* MATERIAL SHOWN:
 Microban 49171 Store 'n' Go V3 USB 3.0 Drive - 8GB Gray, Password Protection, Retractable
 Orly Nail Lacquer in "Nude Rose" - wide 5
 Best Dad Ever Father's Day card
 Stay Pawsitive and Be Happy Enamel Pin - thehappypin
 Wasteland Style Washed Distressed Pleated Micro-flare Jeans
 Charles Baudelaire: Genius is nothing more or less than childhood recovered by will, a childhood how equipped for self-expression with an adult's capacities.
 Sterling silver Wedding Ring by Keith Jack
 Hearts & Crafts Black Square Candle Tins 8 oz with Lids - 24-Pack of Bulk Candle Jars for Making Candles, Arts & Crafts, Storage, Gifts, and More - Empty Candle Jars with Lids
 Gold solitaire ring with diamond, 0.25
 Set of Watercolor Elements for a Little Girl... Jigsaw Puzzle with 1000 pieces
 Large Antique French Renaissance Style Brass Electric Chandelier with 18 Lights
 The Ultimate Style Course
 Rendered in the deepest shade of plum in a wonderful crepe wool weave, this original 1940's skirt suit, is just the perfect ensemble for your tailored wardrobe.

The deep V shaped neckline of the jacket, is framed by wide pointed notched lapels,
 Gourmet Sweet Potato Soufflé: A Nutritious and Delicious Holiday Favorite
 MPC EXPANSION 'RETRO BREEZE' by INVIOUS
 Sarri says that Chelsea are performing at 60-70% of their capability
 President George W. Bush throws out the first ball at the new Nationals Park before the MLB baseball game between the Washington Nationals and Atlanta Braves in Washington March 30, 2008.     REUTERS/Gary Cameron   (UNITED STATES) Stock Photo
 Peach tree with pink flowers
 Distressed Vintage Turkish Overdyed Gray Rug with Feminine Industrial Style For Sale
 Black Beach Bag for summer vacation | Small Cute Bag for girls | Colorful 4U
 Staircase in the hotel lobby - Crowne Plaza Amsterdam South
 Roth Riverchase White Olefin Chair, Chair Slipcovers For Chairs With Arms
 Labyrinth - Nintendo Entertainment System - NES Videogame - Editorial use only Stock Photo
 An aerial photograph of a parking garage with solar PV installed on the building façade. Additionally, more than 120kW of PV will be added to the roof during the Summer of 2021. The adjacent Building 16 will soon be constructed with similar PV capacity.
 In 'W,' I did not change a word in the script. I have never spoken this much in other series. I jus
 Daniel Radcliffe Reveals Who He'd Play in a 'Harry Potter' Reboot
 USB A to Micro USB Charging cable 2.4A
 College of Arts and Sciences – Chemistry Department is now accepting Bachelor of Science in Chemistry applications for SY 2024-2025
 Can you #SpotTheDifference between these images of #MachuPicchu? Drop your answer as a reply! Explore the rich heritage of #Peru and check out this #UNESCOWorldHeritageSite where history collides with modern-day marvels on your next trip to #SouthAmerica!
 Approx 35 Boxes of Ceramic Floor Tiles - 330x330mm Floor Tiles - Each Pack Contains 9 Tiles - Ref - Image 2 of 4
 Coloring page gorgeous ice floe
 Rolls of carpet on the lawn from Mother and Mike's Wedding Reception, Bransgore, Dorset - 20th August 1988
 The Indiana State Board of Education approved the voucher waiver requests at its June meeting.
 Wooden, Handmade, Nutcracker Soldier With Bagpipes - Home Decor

* TRY IT: All of the material above should be repeated word for word.

* RESPONSE AREA:
 Microban 49171 Store 'n' Go V3 USB 3.0 Drive - 8GB Gray, Password Protection, Retractable
 Orly Nail Lacquer in "Nude Rose" - wide 5
 Best Dad Ever Father's Day card
 Stay Pawsitive and Be Happy Enamel Pin - thehappypin
 Wasteland Style Washed Distressed Pleated Micro-flare Jeans
 Charles Baudelaire: Genius is nothing more or less than childhood recovered by will, a childhood how equipped for self-expression with an adult's capacities.
 Sterling silver Wedding Ring by Keith Jack
 Hearts & Crafts Black Square Candle Tins 8 oz with Lids - 24-Pack of Bulk Candle Jars for Making Candles, Arts & Crafts, Storage, Gifts, and More - Empty Candle Jars with Lids
 Gold solitaire ring with diamond, 0.25
 Set of Watercolor Elements for a Little Girl... Jigsaw Puzzle with 1000 pieces
 Large Antique French Renaissance Style Brass Electric Chandelier with 18 Lights
 The Ultimate Style Course
 Rendered in the deepest shade of plum in a wonderful crepe wool weave, this original 1940's skirt suit, is just the perfect ensemble for your tailored wardrobe.

The deep V shaped neckline of the jacket, is framed by wide pointed notched lapels,
 Gourmet Sweet Potato Soufflé: A Nutritious and Delicious Holiday Favorite
 MPC EXPANSION 'RETRO BREEZE' by INVIOUS
 Sarri says that Chelsea are performing at 60-70% of their capability
 President George W. Bush throws out the first ball at the new Nationals Park before the MLB baseball game between the Washington Nationals and Atlanta Braves in Washington March 30, 2008.     REUTERS/Gary Cameron   (UNITED STATES) Stock Photo
 Peach tree with pink flowers
 Distressed Vintage Turkish Overdyed Gray Rug with Feminine Industrial Style For Sale
 Black Beach Bag for summer vacation | Small Cute Bag for girls | Colorful 4U
 Staircase in the hotel lobby - Crowne Plaza Amsterdam South
 Roth Riverchase White Olefin Chair, Chair Slipcovers For Chairs With Arms
 Labyrinth - Nintendo Entertainment System - NES Videogame - Editorial use only Stock Photo
 An aerial photograph of a parking garage with solar PV installed on the building façade. Additionally, more than 120kW of PV will be added to the roof during the Summer of 2021. The adjacent Building 16 will soon be constructed with similar PV capacity.
 In 'W,' I did not change a word in the script. I have never spoken this much in other series. I jus
 Daniel Radcliffe Reveals Who He'd Play in a 'Harry Potter' Reboot
 USB A to Micro USB Charging cable 2.4A
 College of Arts and Sciences – Chemistry Department is now accepting Bachelor of Science in Chemistry applications for SY 2024-2025
 Can you #SpotTheDifference between these images of #MachuPicchu? Drop your answer as a reply! Explore the rich heritage of #Peru and check out this #UNESCOWorldHeritageSite where history collides with modern-day marvels on your next trip to #SouthAmerica!
 Approx 35 Boxes of Ceramic Floor Tiles - 330x330mm Floor Tiles - Each Pack Contains 9 Tiles - Ref - Image 2 of 4
 Coloring page gorgeous ice floe
 Rolls of carpet on the lawn from Mother and Mike's Wedding Reception, Bransgore, Dorset - 20th August 1988
 The Indiana State Board of Education approved the voucher waiver requests at its June meeting.
 Wooden, Handmade, Nutcracker Soldier With Bagpipes - Home Decor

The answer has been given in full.